Es war ein bißchen zu viel der morbiden Themen in den letzten Tagen. Der wöchentliche Kaffeesatz zwang mich gleich doppelt über das Sterben nachzudenken, die ZEIT von letzter Woche hält mir fünfzig vorbildhafte Tote entgegen, der Kollege Klepej übertreibt seine Aufgeregheit mal wieder und erklärt die Europäische Union für gescheitert (=Tod) und im gerade gelesenen Kapitel von Vilém Flusser hieß es:
Die Bilder werden dann immer das gleiche zeigen und die Menschen immer das gleiche gezeigt bekommen wollen. Der Mantel der ewigen und unendlichen Langeweile wird sich über die Gesellschaft breiten. Sie wird in Entropie verfallen, und diesen heranrückenden Verfall können wir bereits konstatieren. Er äußerst sich in der Selbstlüsternheit der Empfänger: Es müssen immer neue Bilder her, weil alle Bilder längst dazu neigen, langweilig zu werden. Der Verkehr zwischen Bild und Mensch weist der Entropie zu, dem Tod entgegen.

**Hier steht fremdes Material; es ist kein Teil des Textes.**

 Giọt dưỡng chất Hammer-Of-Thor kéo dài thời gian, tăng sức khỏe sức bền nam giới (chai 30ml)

Und das schlimmste: Ich kann noch nicht einmal voller Überzeugung dagegen schimpfen, dass es angeblich überall nur noch schlimmer wird und wir (bzw. Die ZEIT) unsere Vorbilder nur noch unter den Verstorbenen finden. Ist das die Herbstdepression? Lichtmangel führt ja zu vermehrten Melatoninausstoß und zu weniger Serotonin.
Saisonale Morbidität.
Das wäre noch zu ertragen, dann könnten wir einfach bis zum Frühling die Musik lauter drehen. Aber was wenn das alles nichts mit der Jahreszeit zu tun hat? Nehmen die Menschen deshalb so viele Drogen?

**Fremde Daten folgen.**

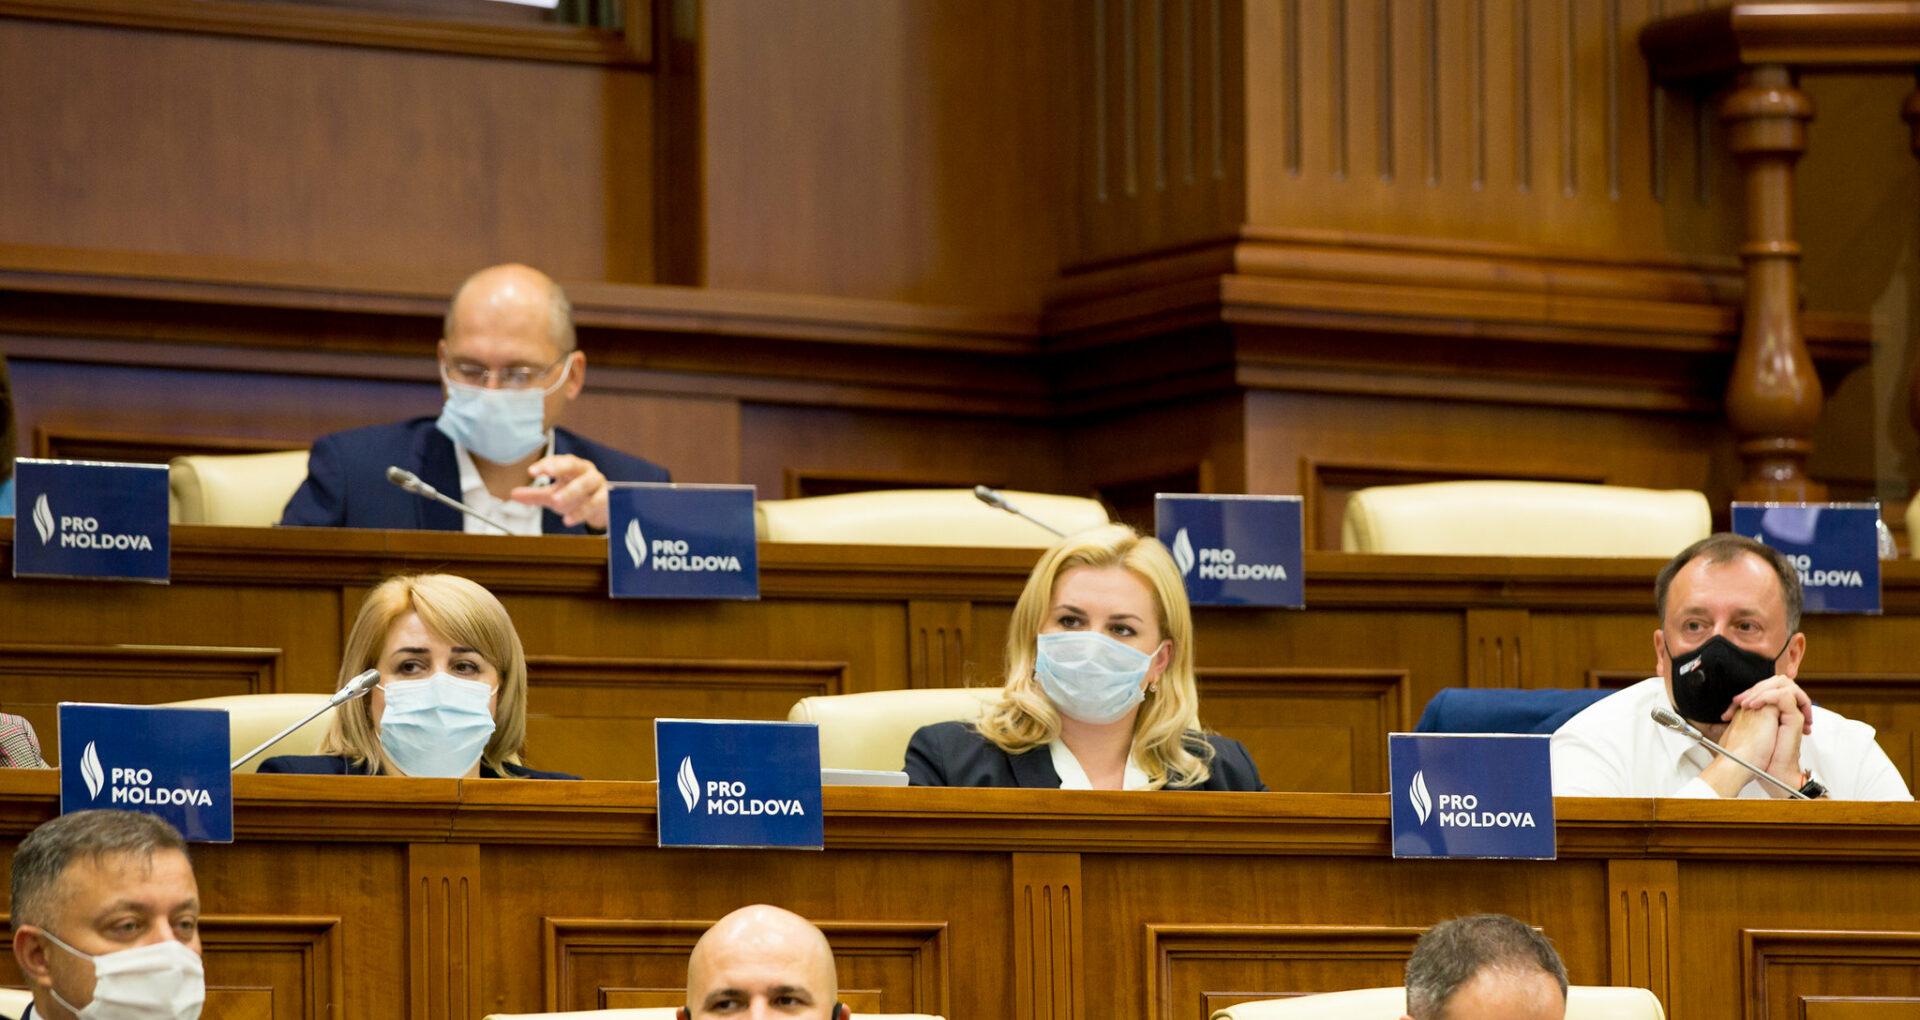 DOC/ Încă un deputat părăsește fracțiunea Pro Moldova. Mesajul postat de parlamentar

Ich wüsste wirklich gern einen fundierten Ausweg, aber Ernsthaftigkeit ist kein guter Ratgeber. Und Henry Miller auch nur Verdrängung. Bleibt, doch nur auf die von der ZEIT vorgeschlagenen „Vorbilder“ zu hören: Rosa Luxemburg:
Mensch sein ist vor allem die Hauptsache. Und das heißt: fest und klar und heiter sein, ja, heiter trotz alledem und alledem, denn das Heulen ist das Geschäft der Schwäche. Mensch sien heißt, sein ganzes Leben auf des Schicksals großer Waage freudig hinzuwerfen, wenn’s sein muß, sich zugleich aber an jedem hellen Tag und jeder schönen Wolke zu freuen …
Schade nur, das diese Heiterkeit laut Alice Bota „tief aus einer zerissenen, verletzten Seele“ kam. Dass bringt also auch nicht weiter.

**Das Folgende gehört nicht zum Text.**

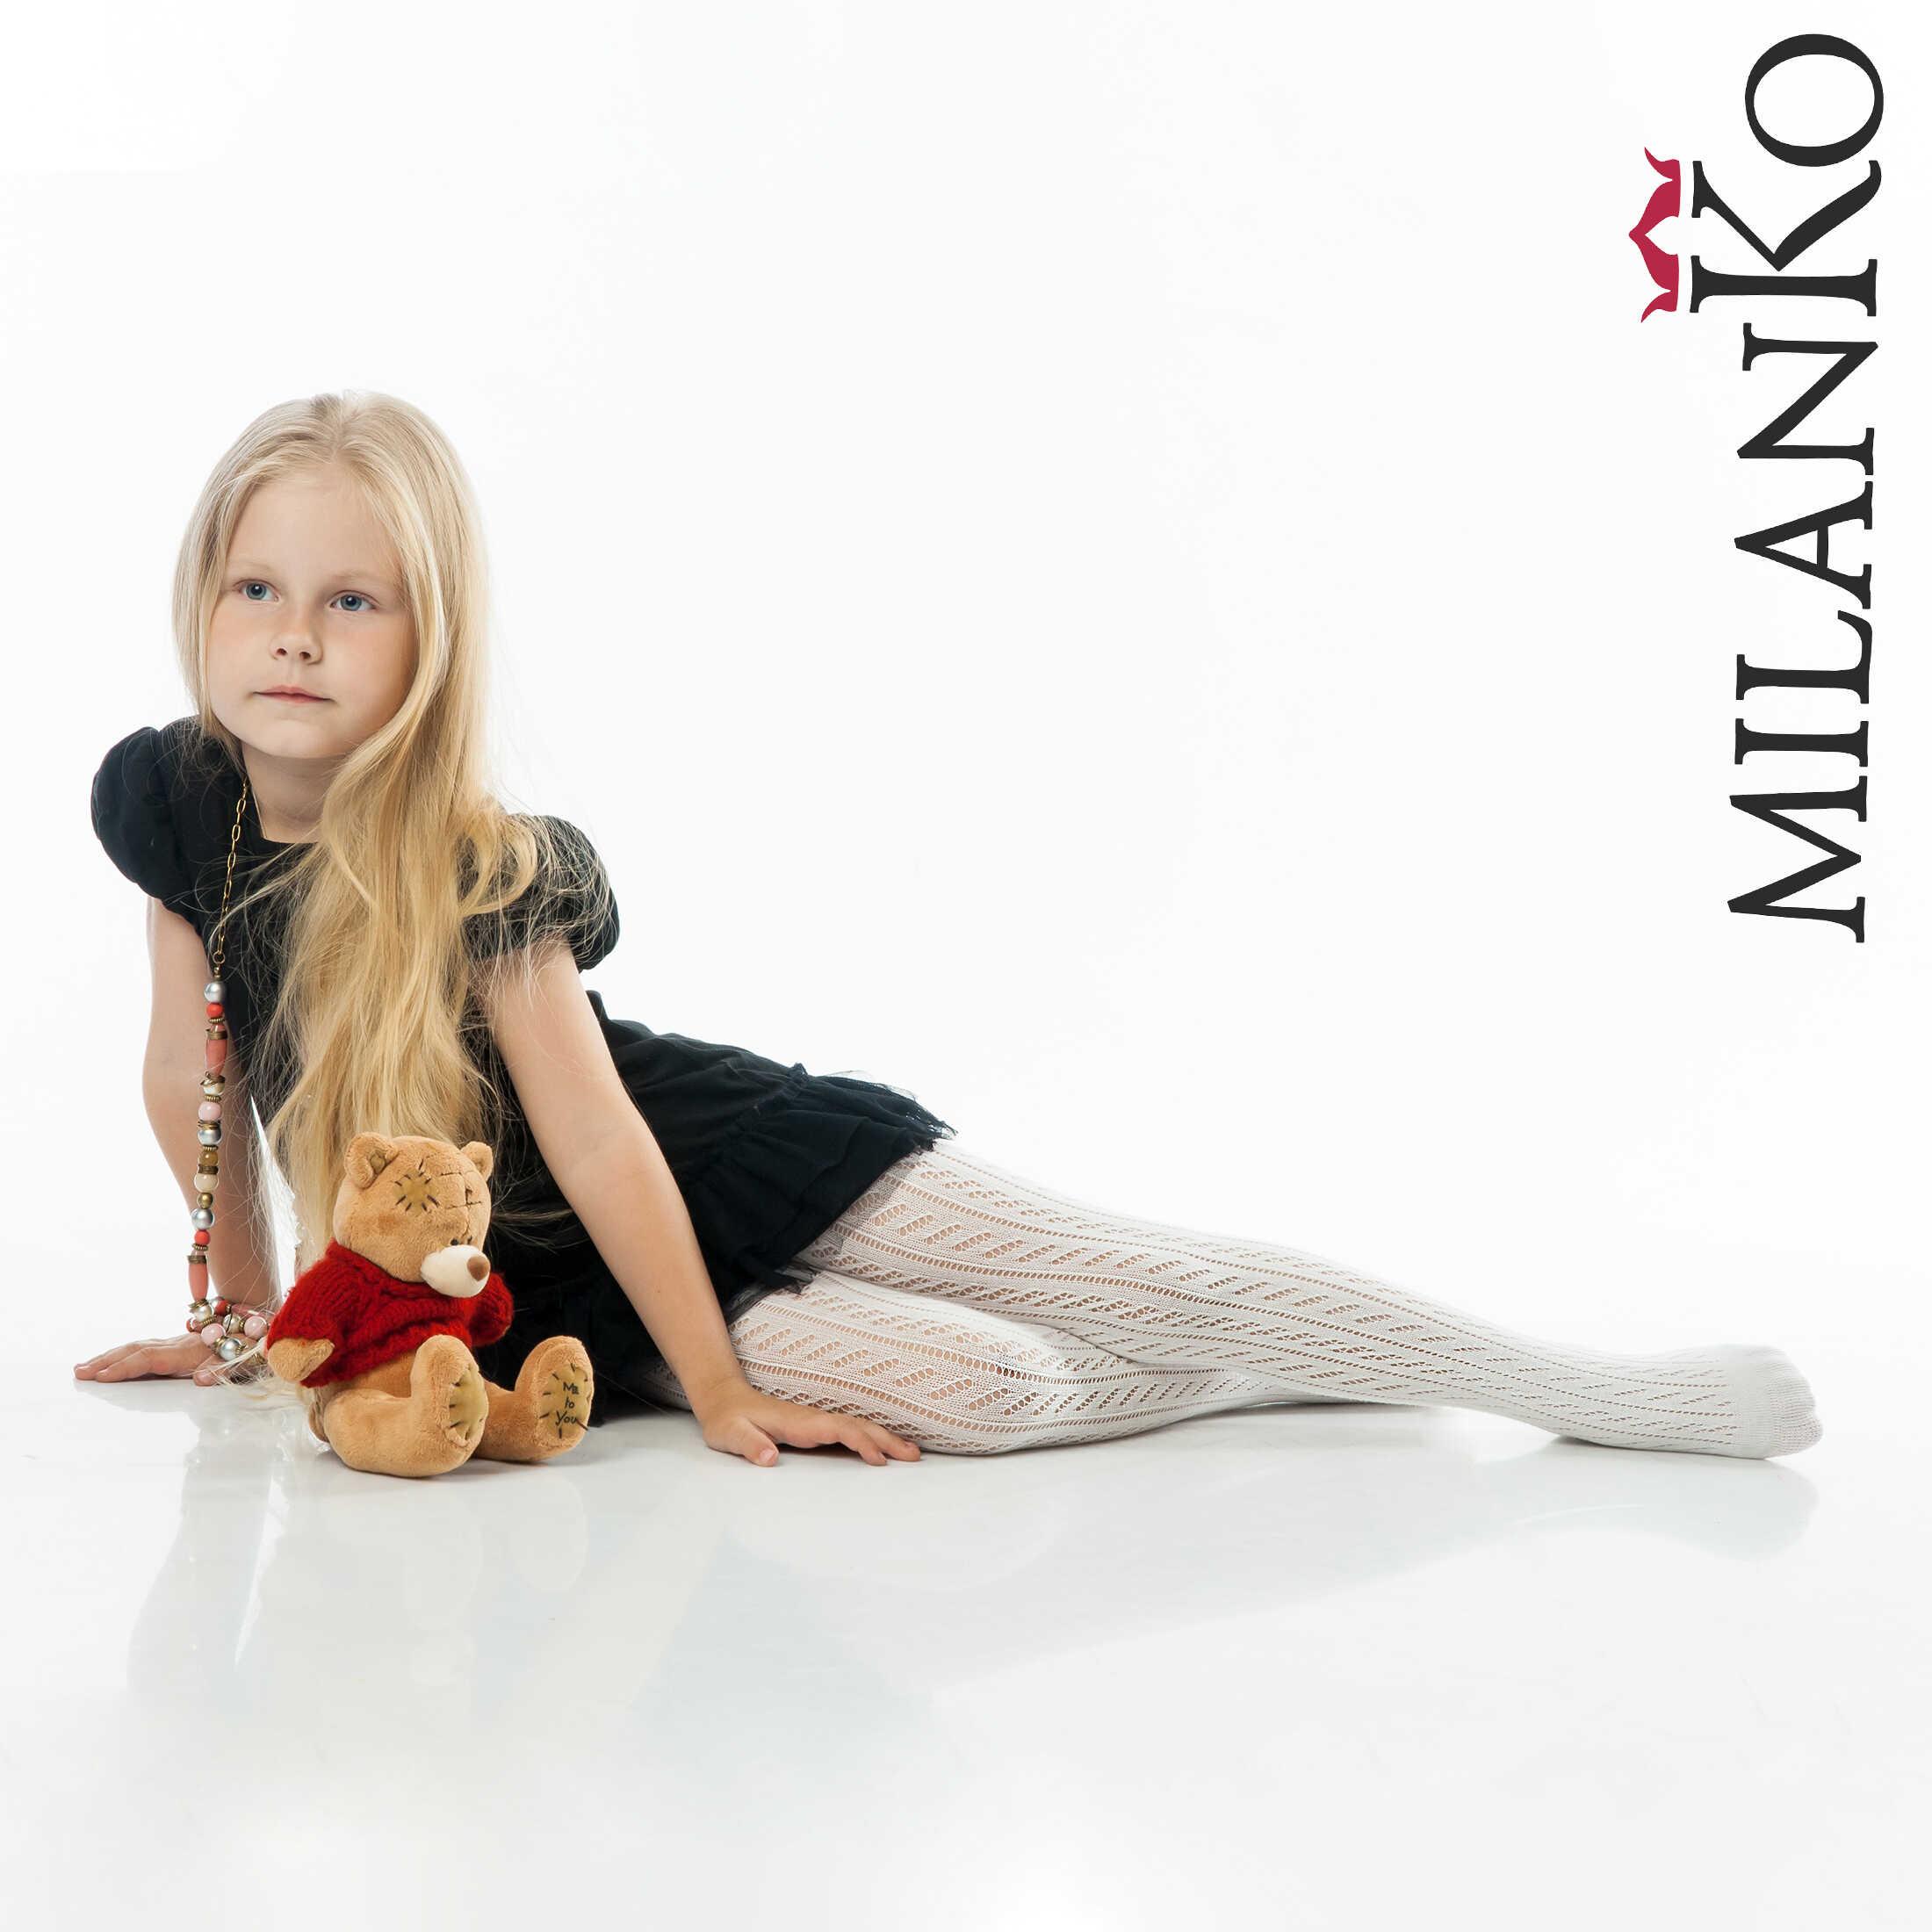 Детские ажурные колготки из хлопка БЕЛЫЕ MilanKo IN-115

Und deshalb lieber warten ohne zu erwarten. Erwartungen sind potentielle Enttäuschungen. Warten ist die Bereitschaft zum Glück. Ja, etwas das sein kann:
Eine bessere Welt, von der wir nicht wissen wie sie aussieht, aber für die wir alles tun. Vorbild sein, auch wenn niemand da ist, der sich eines an uns nimmt. Die Bilder ignorieren und verschwinden lassen – die Augen schließen um wieder sehen zu lernen. Über das Leben nachdenken, und nicht über den Tod.
Ein Illussion die uns fürs erste glücklicher macht, als alles was uns erwartet. Es bleibt ohne Zutun einfach alles liegen. Eine Enttäuschung, die nicht unsere ist, bleibt zurück. Und wir transportieren uns ohne Verlust, ohne zu wissen wo wir wie ankommen.